Required work >> Return all of the data that follows precisely, leaving every image out.

Data excerpt >>
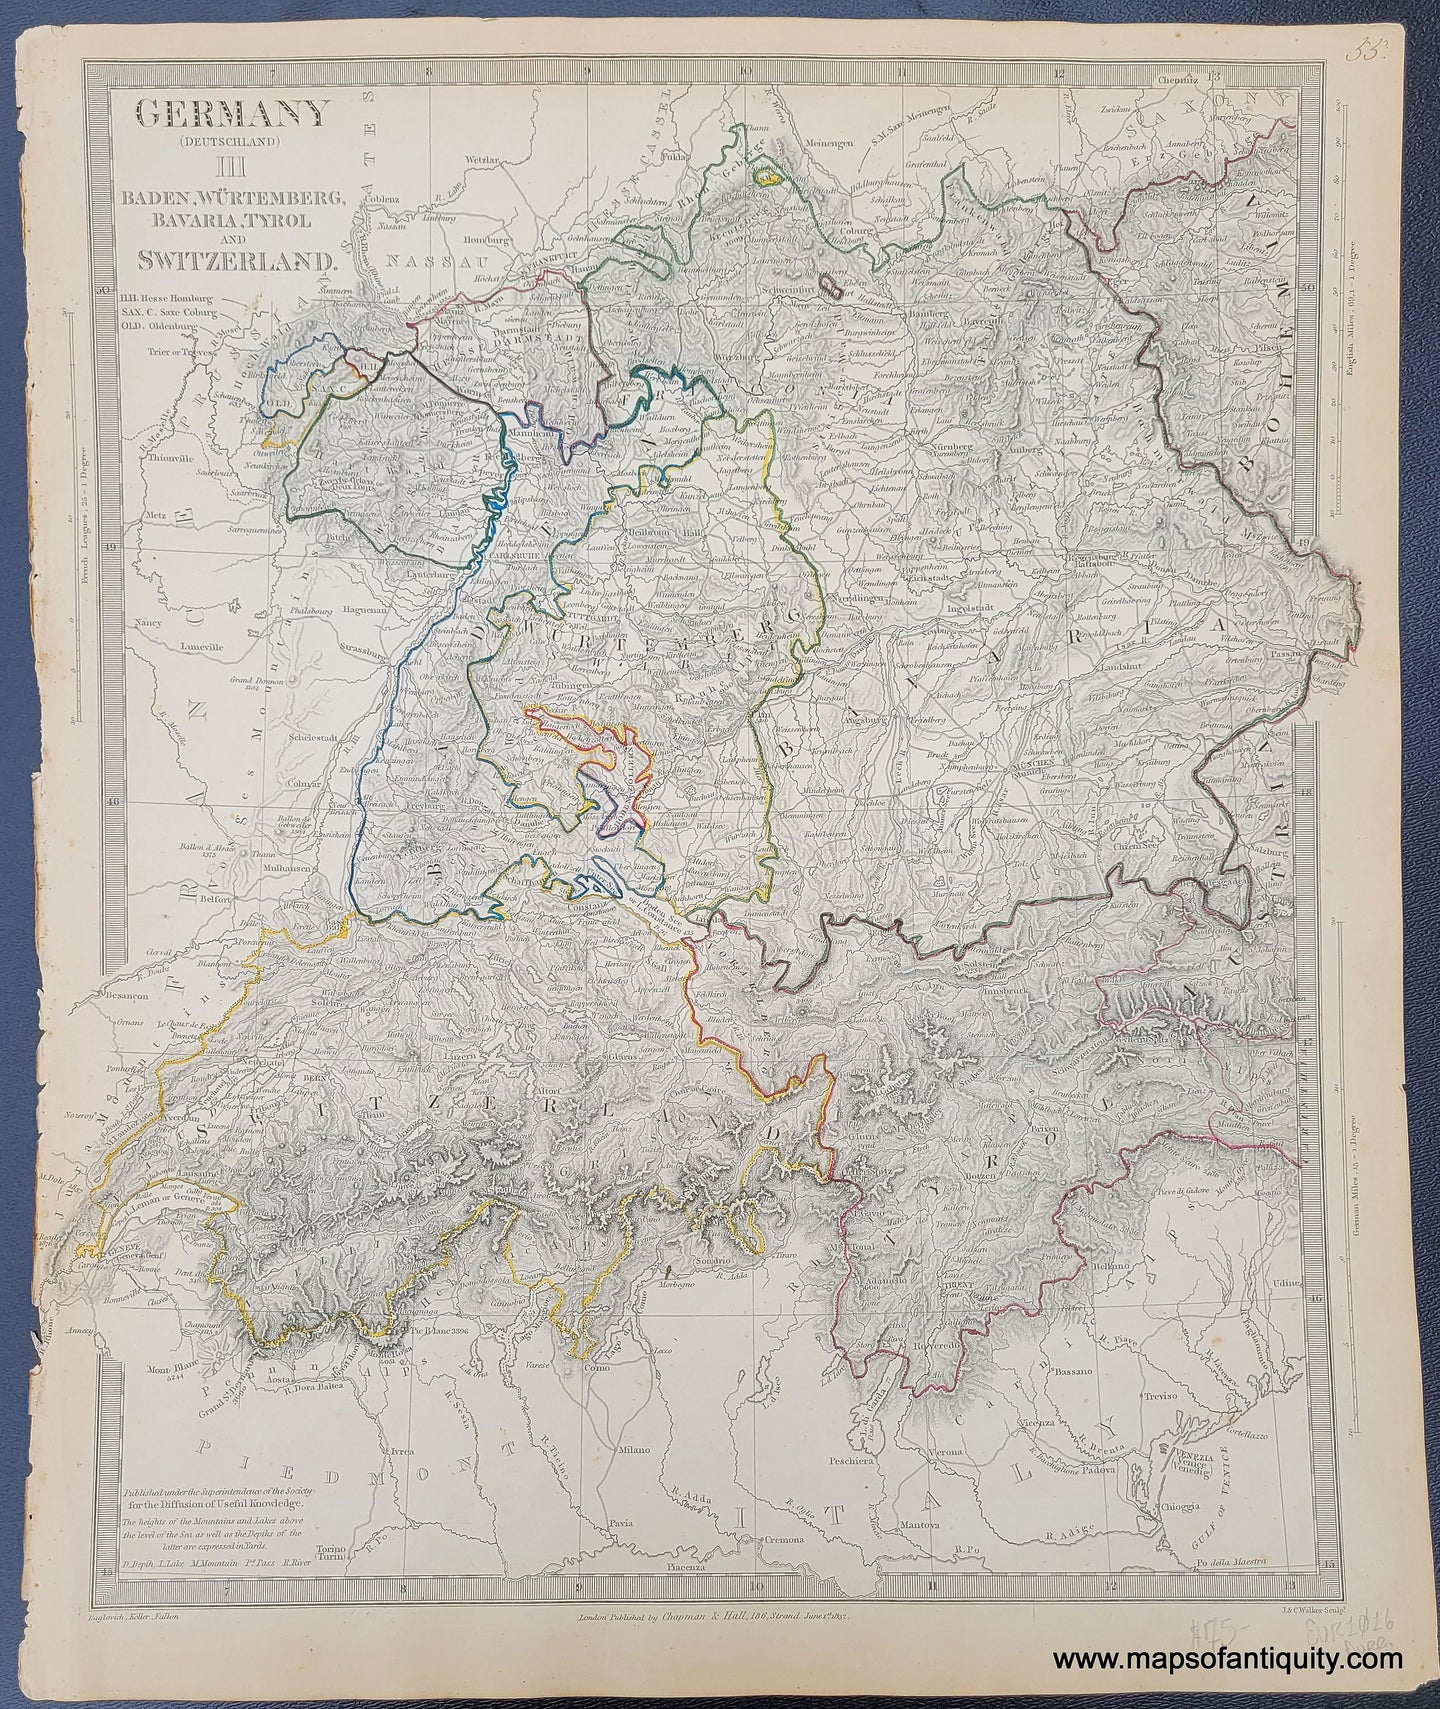 Antique-Map-Germany-III-Baden-Wurtemberg-Bavaria-Tyrol-and-Switzerland-1832-SDUK-Sociaty-for-the-Diffusion-of-Useful-Knowledge-1830s-1800s-19th-century-Maps-of-Antiquity
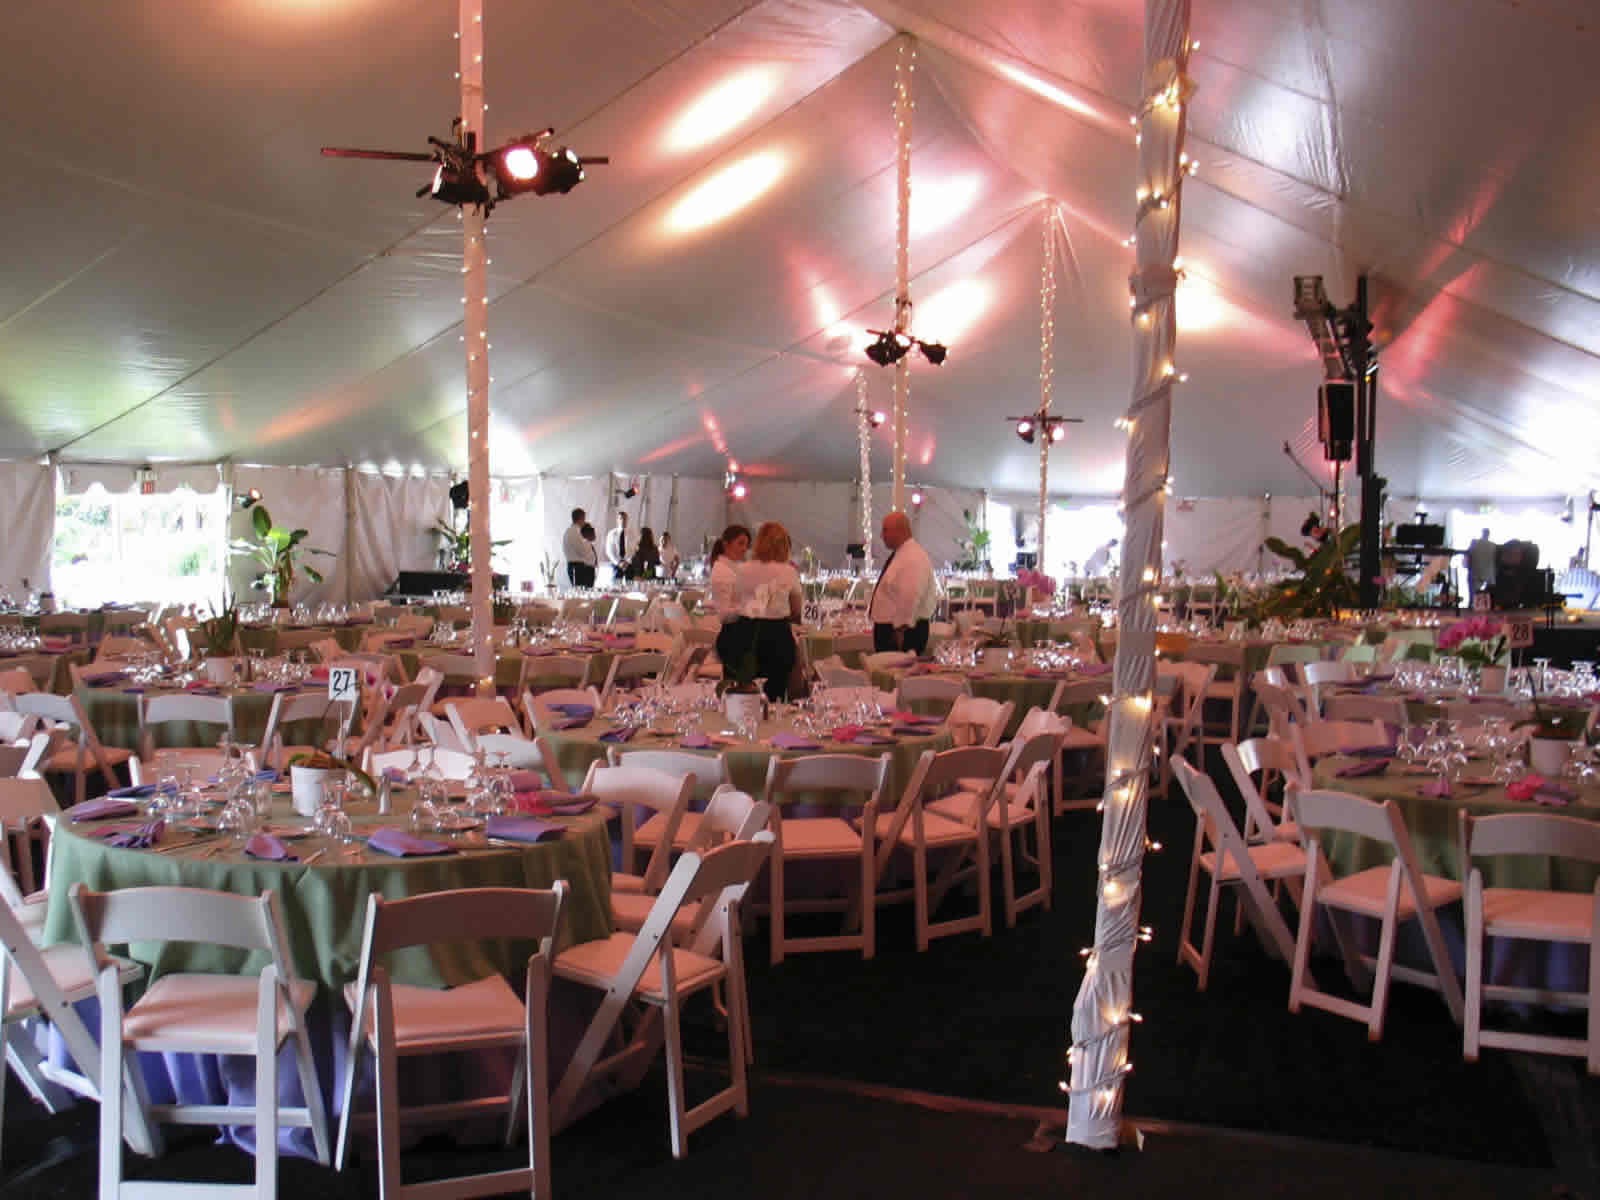 event tables, seating and decor
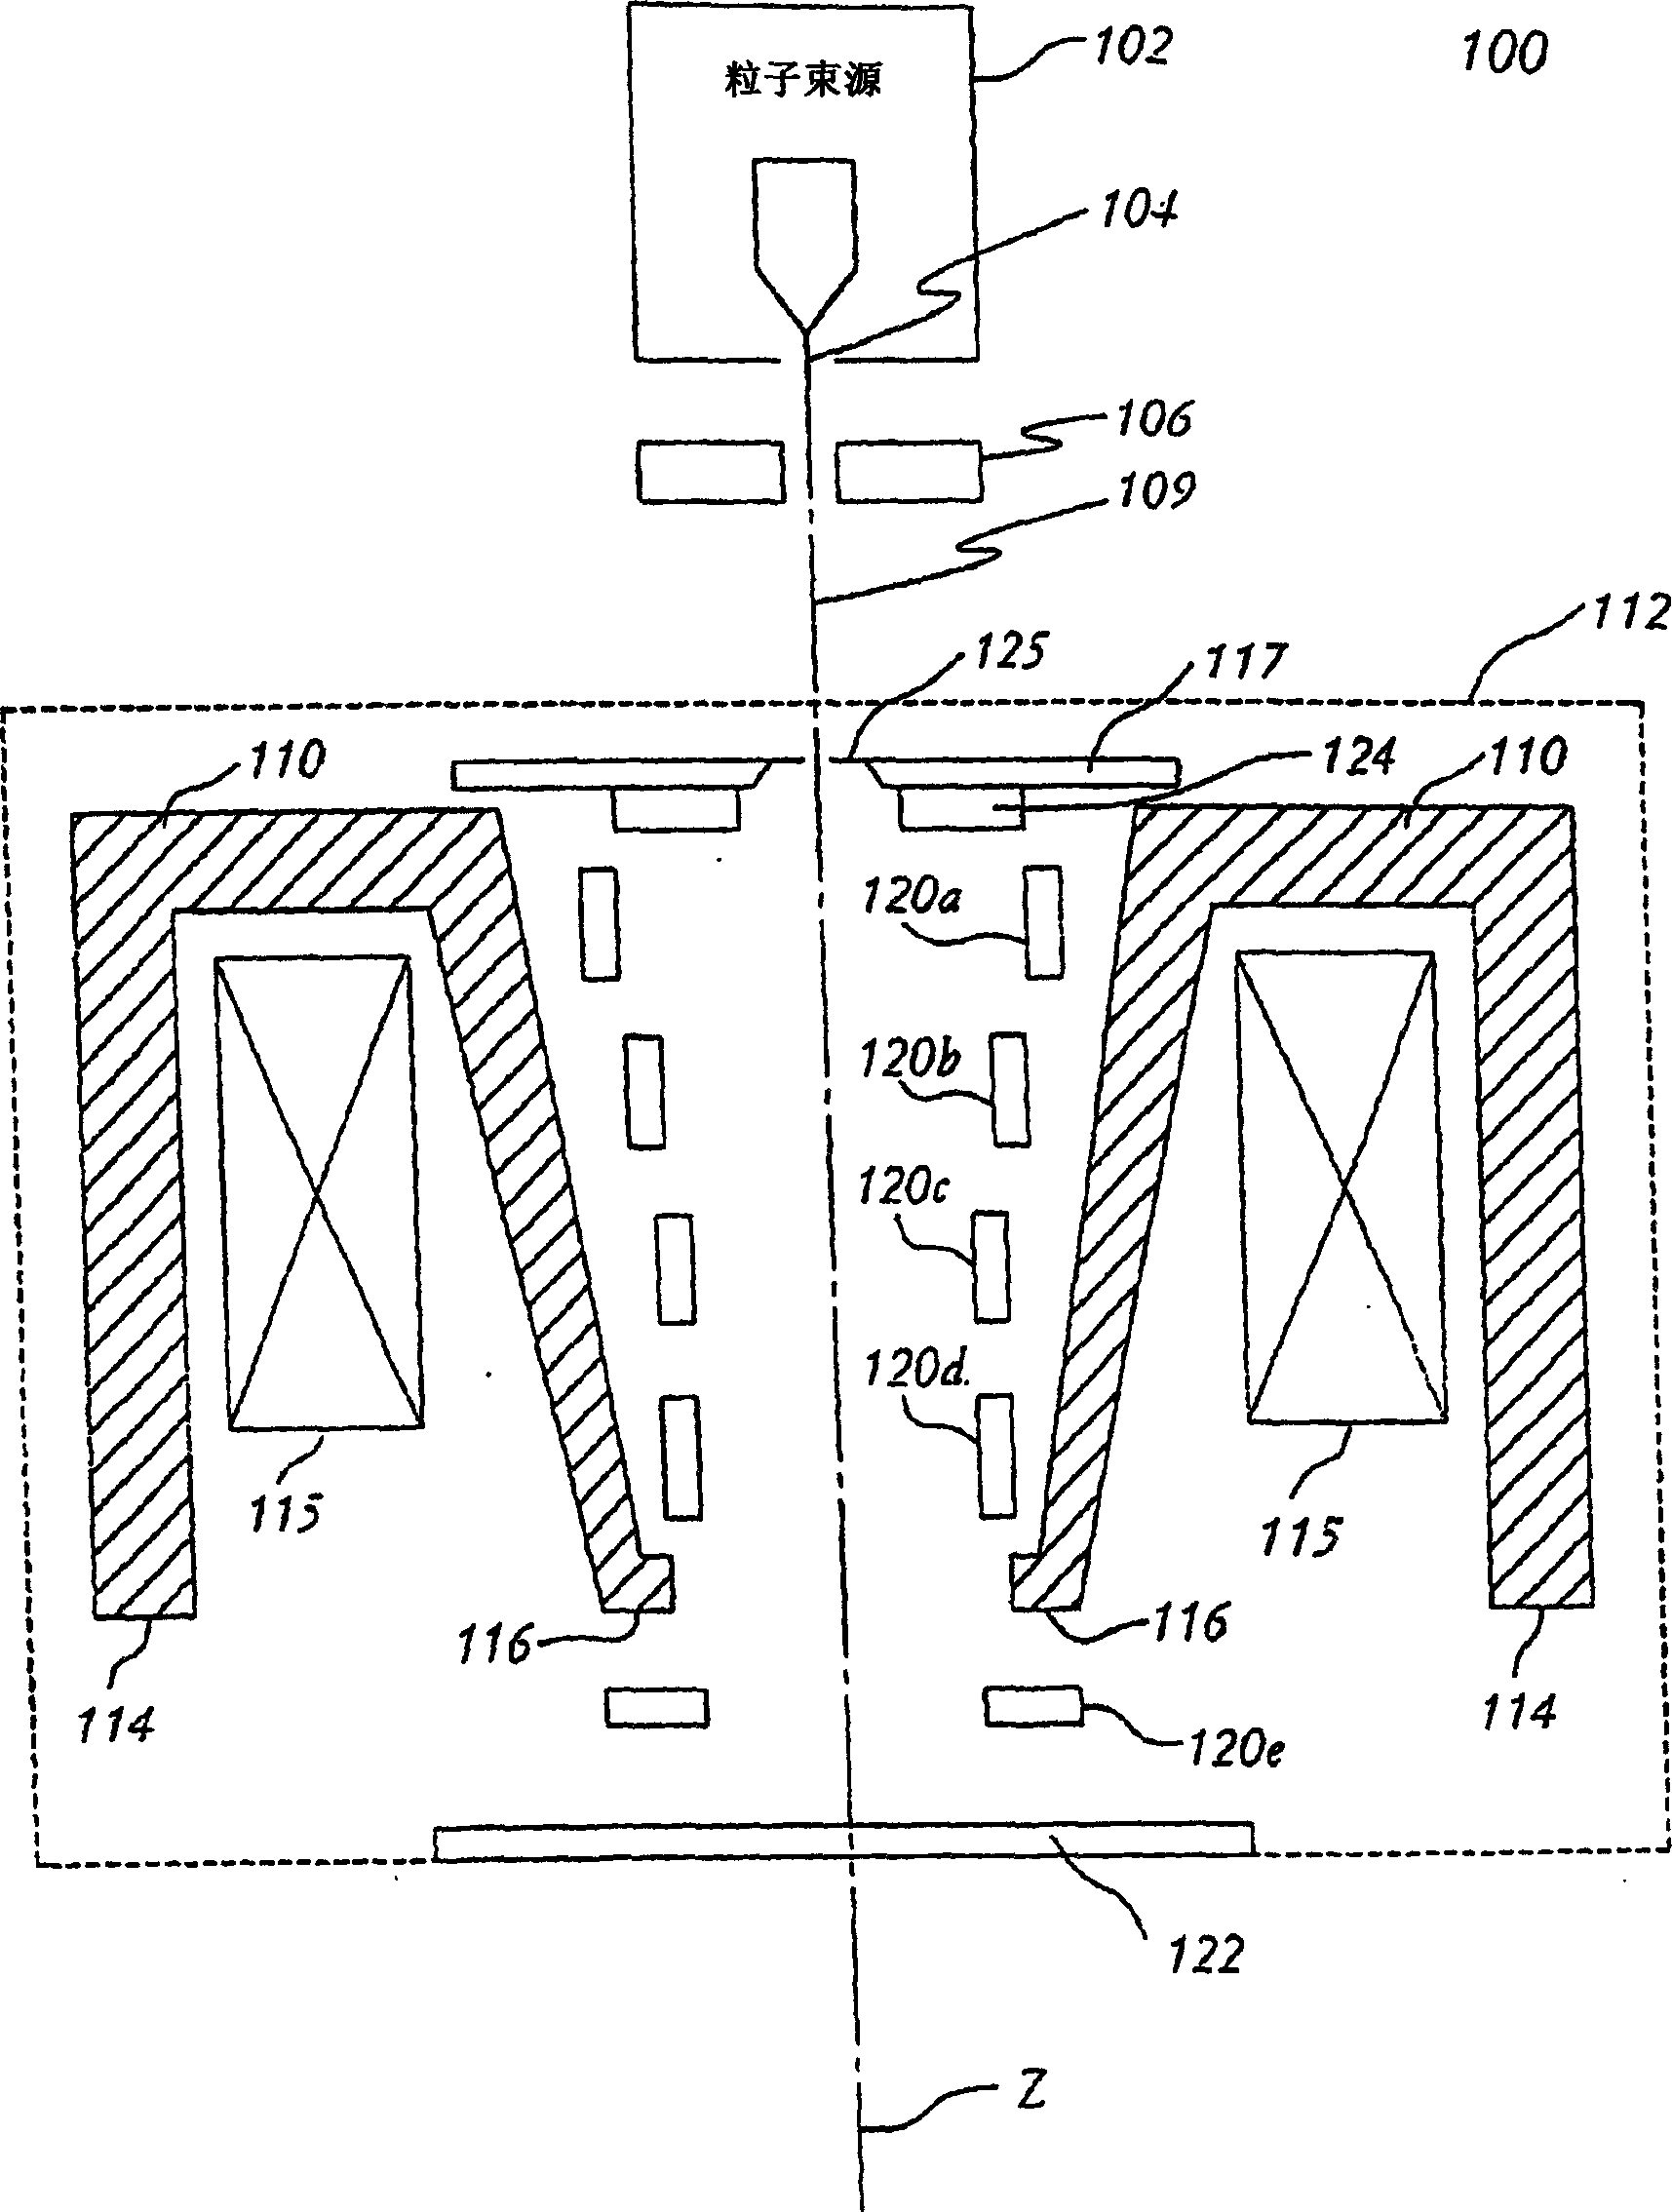 Swinging retarding immersion type lens electron optics focusing, deflection and signal collection system and method

Output below >>
 Antique-Map-Germany-III-Baden-Wurtemberg-Bavaria-Tyrol-and-Switzerland-1832-SDUK-Sociaty-for-the-Diffusion-of-Useful-Knowledge-1830s-1800s-19th-century-Maps-of-Antiquity
 event tables, seating and decor
 Swinging retarding immersion type lens electron optics focusing, deflection and signal collection system and method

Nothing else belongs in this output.